START SUPPLIED DATA

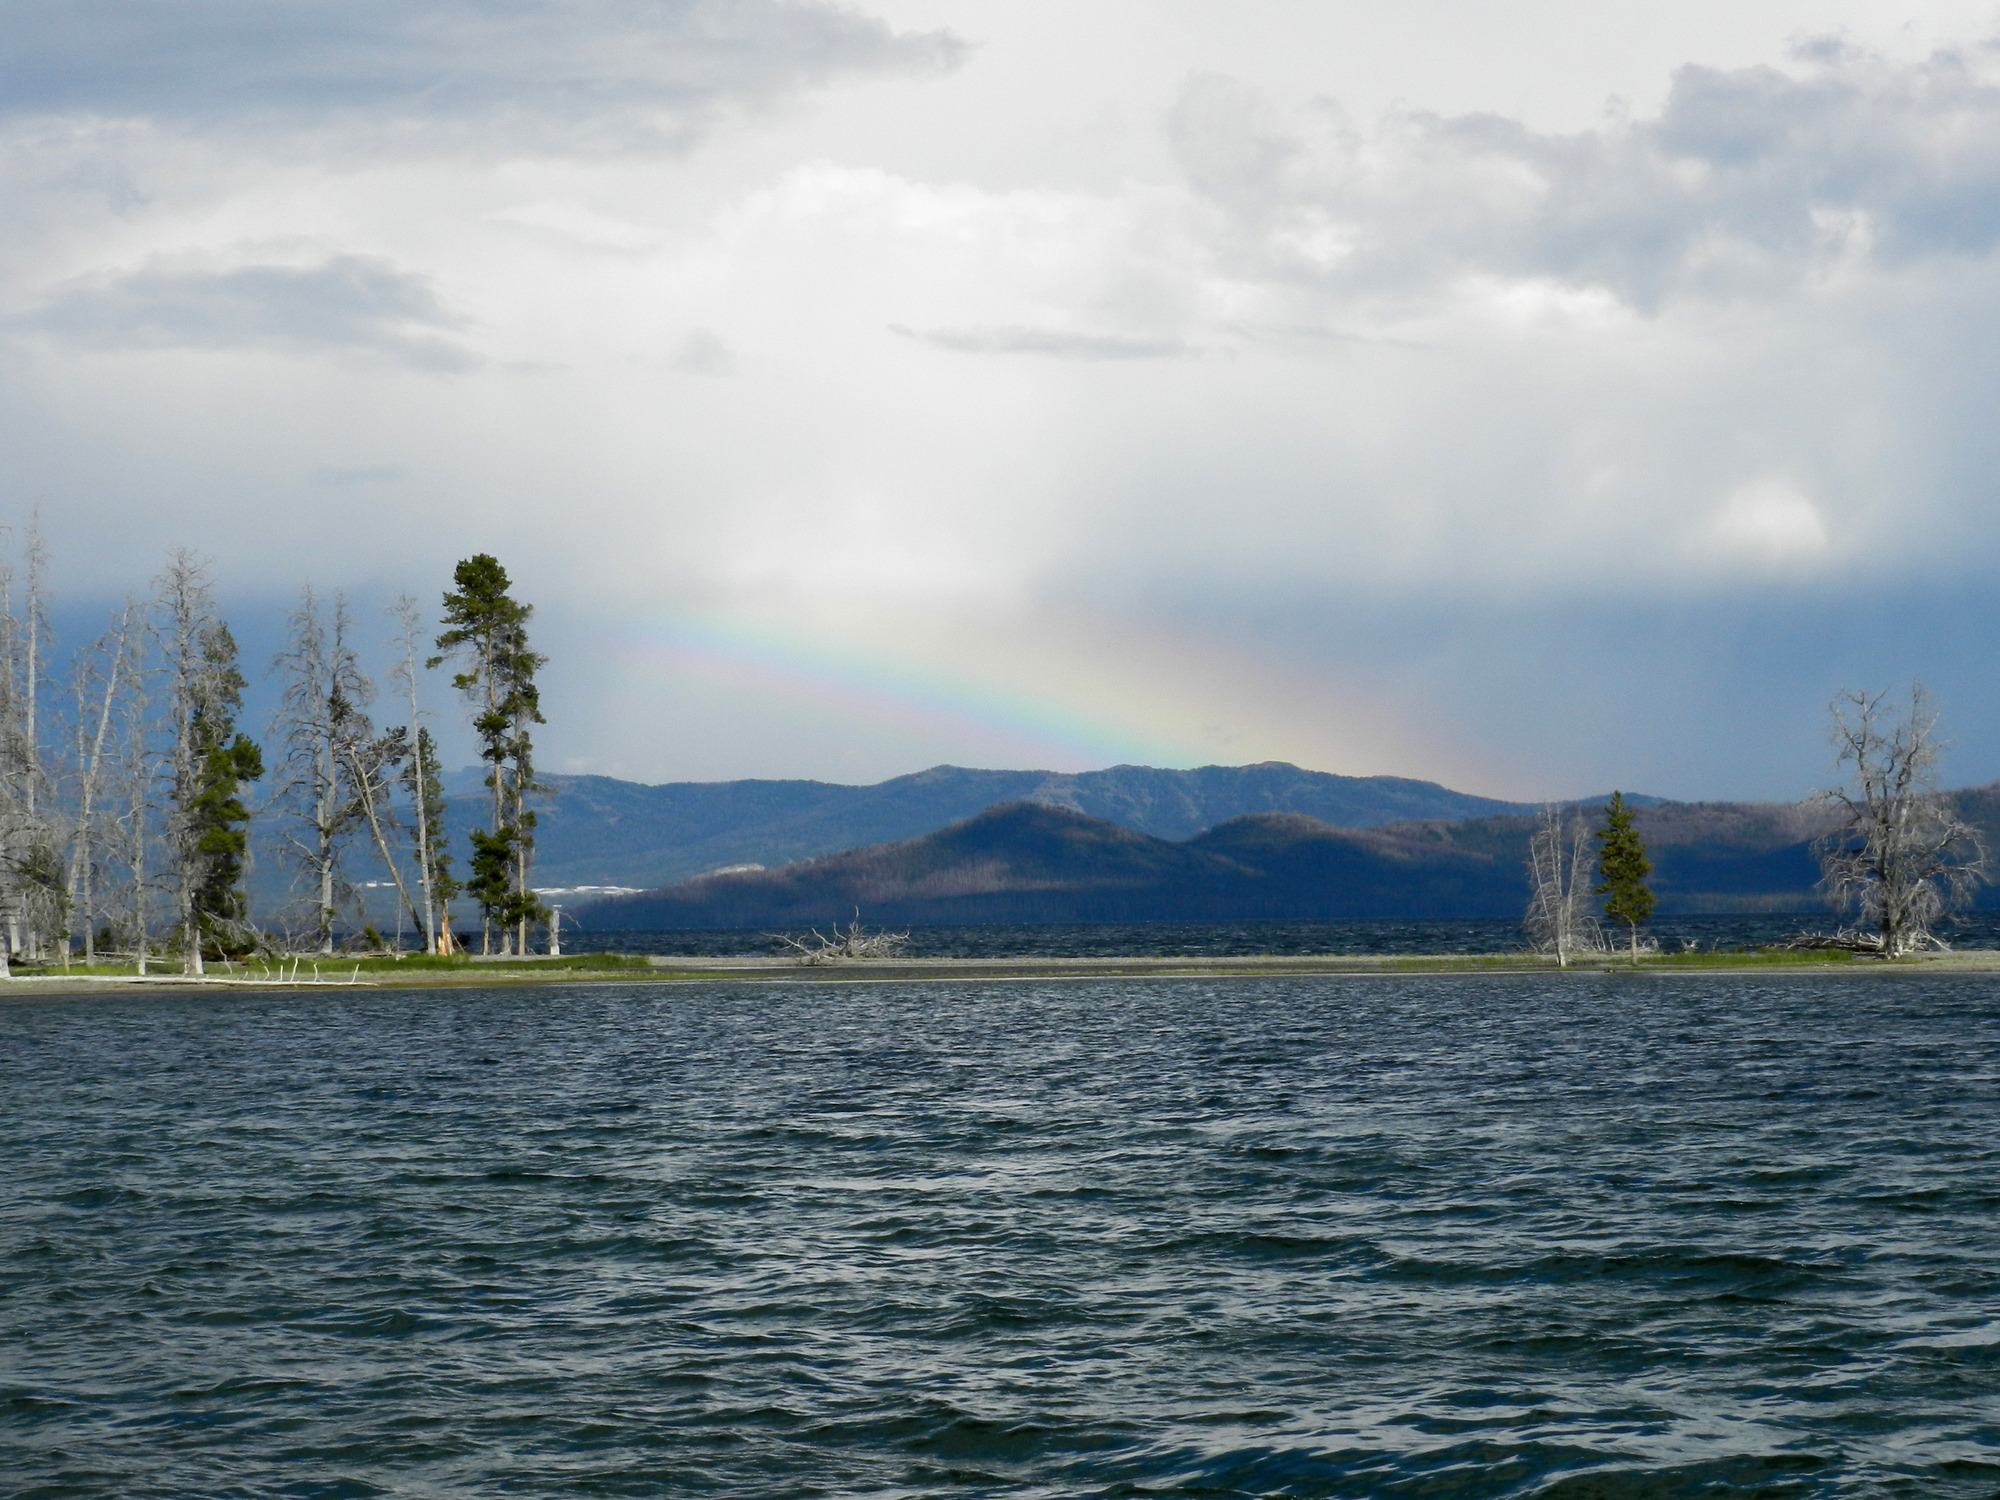 Looking across a choppy lake at clouds and a rainbow
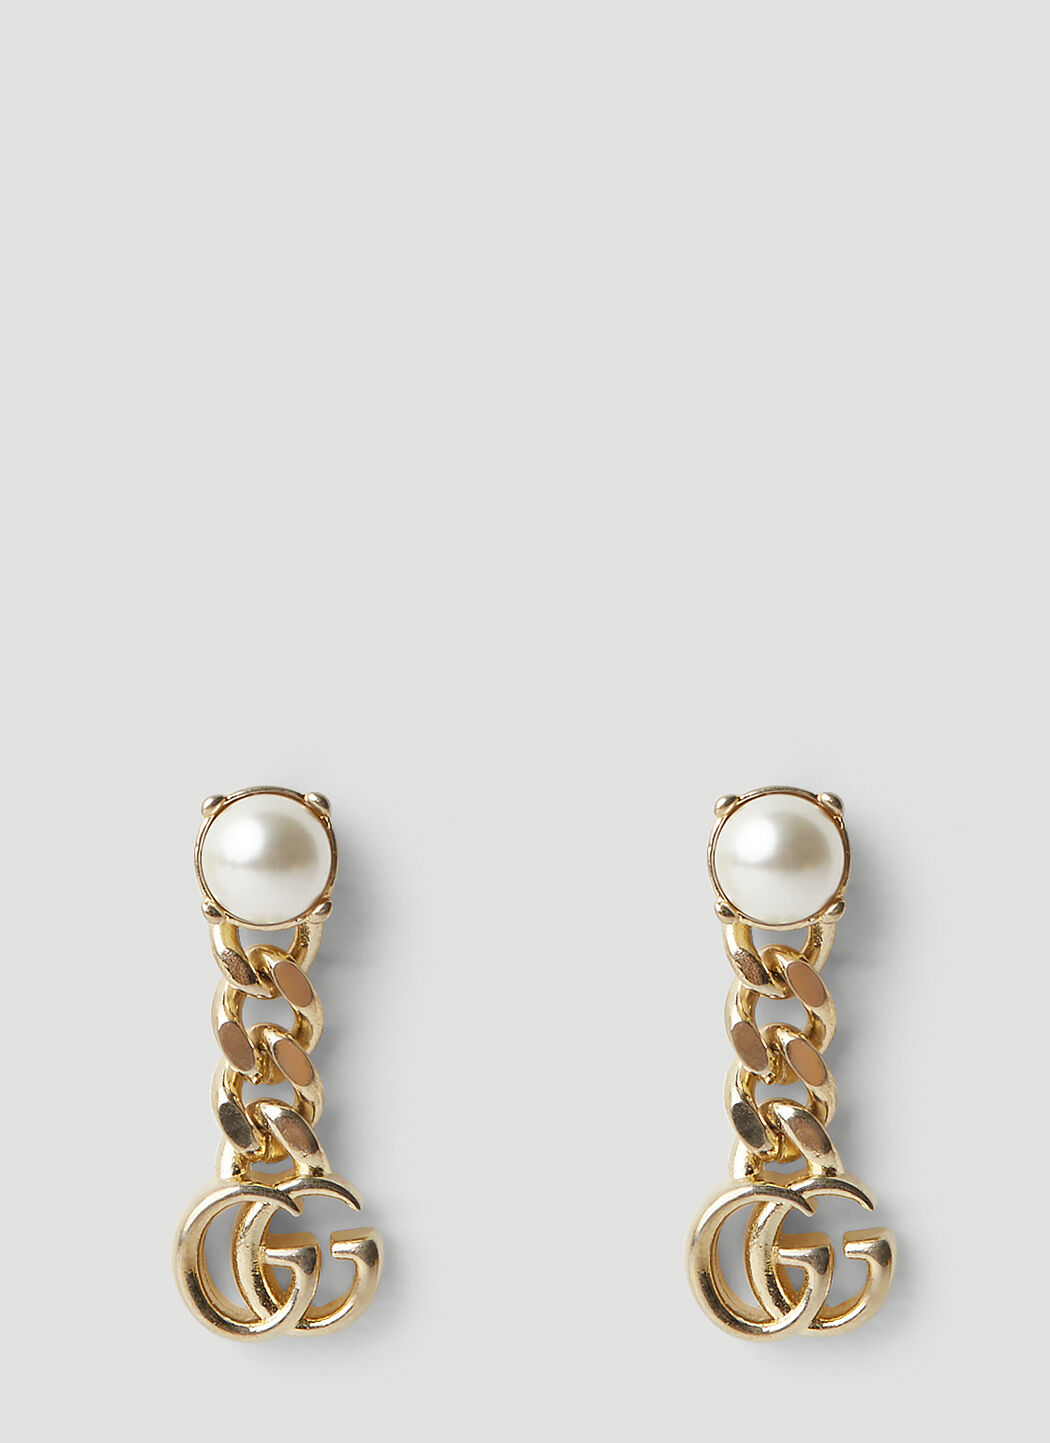 Gucci Link to Love Yellow Gold Threader Earrings | Neiman Marcus
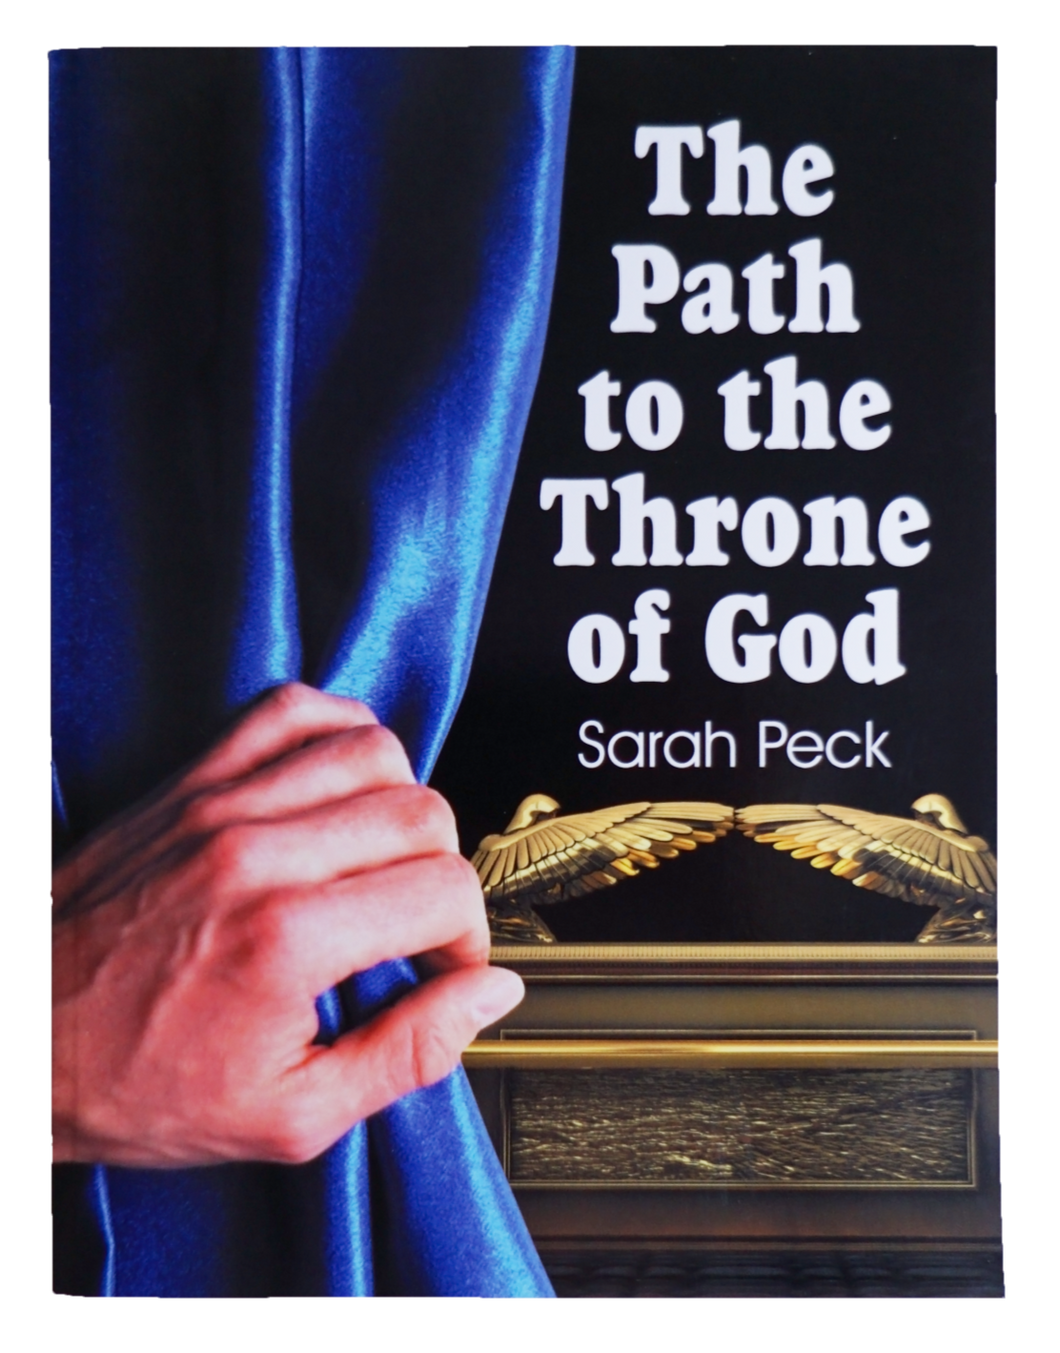 The Path to the Throne of God

END SUPPLIED DATA

__WHAT TO WORK ON__.
Retype the data above exactly, dropping every picture.

__TASK ANSWER__.
 Looking across a choppy lake at clouds and a rainbow
 Gucci Link to Love Yellow Gold Threader Earrings | Neiman Marcus
 The Path to the Throne of God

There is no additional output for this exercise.